* What you will do: Each line from the one that contains "LÍNEA DE ALBA 32,00 € 25,00 €" down to the last line of the material should be retyped exactly as it stands.

* Record extracts:

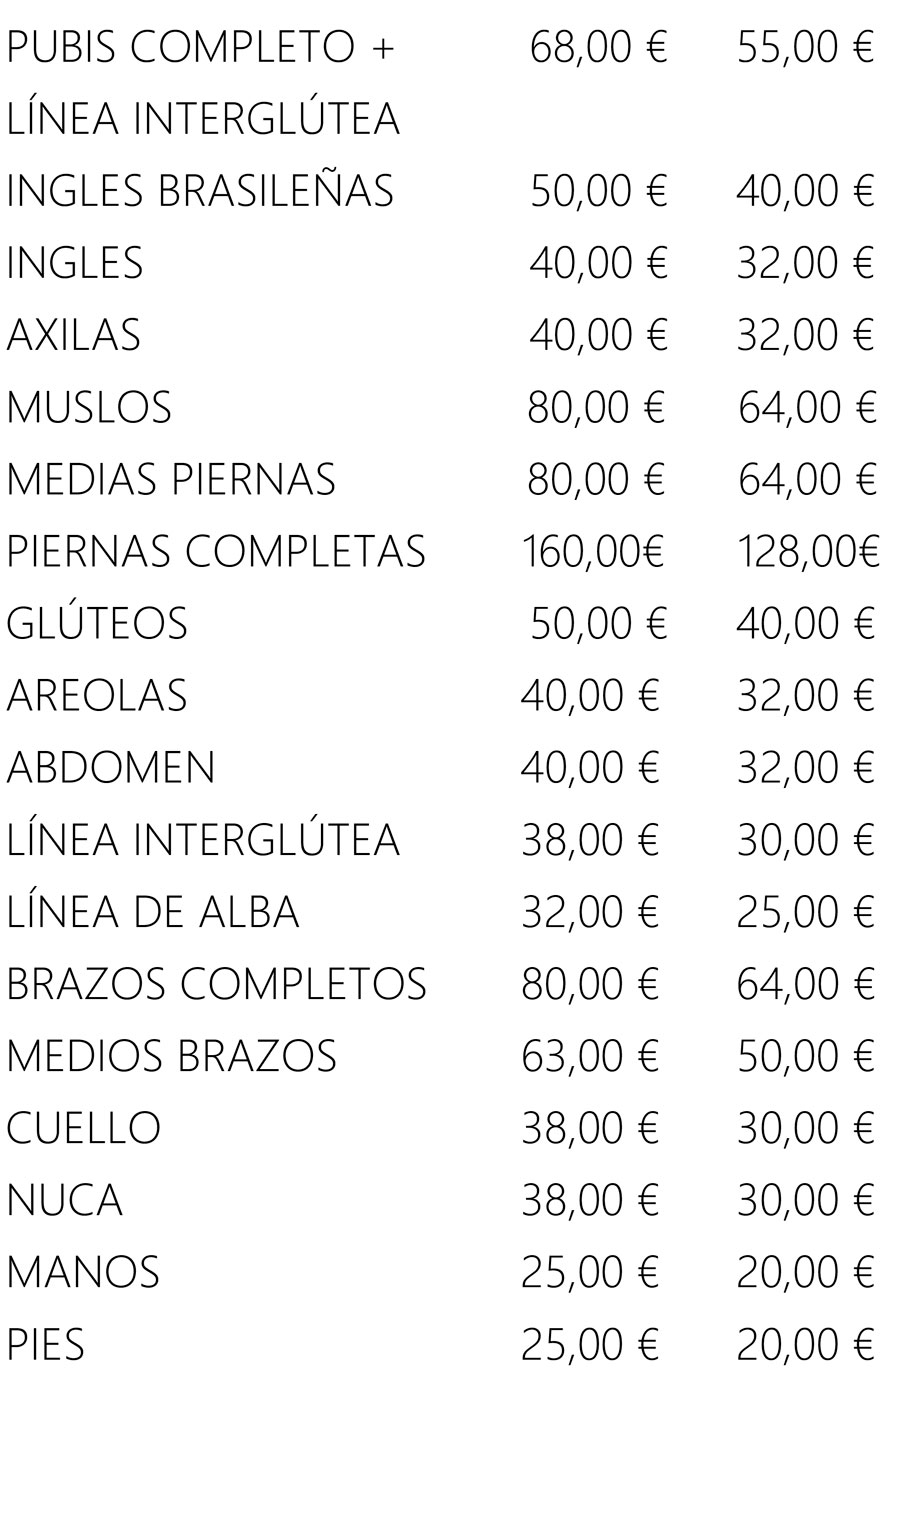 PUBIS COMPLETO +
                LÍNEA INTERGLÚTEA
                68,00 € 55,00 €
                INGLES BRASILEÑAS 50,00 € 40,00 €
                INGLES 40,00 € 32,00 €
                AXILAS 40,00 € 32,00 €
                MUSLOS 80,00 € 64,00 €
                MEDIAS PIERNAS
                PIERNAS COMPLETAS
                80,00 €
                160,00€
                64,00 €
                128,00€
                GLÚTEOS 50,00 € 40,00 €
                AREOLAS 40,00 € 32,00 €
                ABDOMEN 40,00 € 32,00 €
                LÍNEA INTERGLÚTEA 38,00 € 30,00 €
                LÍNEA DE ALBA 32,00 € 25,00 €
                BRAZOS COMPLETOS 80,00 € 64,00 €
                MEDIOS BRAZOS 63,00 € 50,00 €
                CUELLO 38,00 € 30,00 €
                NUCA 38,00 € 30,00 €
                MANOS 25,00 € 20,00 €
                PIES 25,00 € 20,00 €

* Your solution:
                LÍNEA DE ALBA 32,00 € 25,00 €
                BRAZOS COMPLETOS 80,00 € 64,00 €
                MEDIOS BRAZOS 63,00 € 50,00 €
                CUELLO 38,00 € 30,00 €
                NUCA 38,00 € 30,00 €
                MANOS 25,00 € 20,00 €
                PIES 25,00 € 20,00 €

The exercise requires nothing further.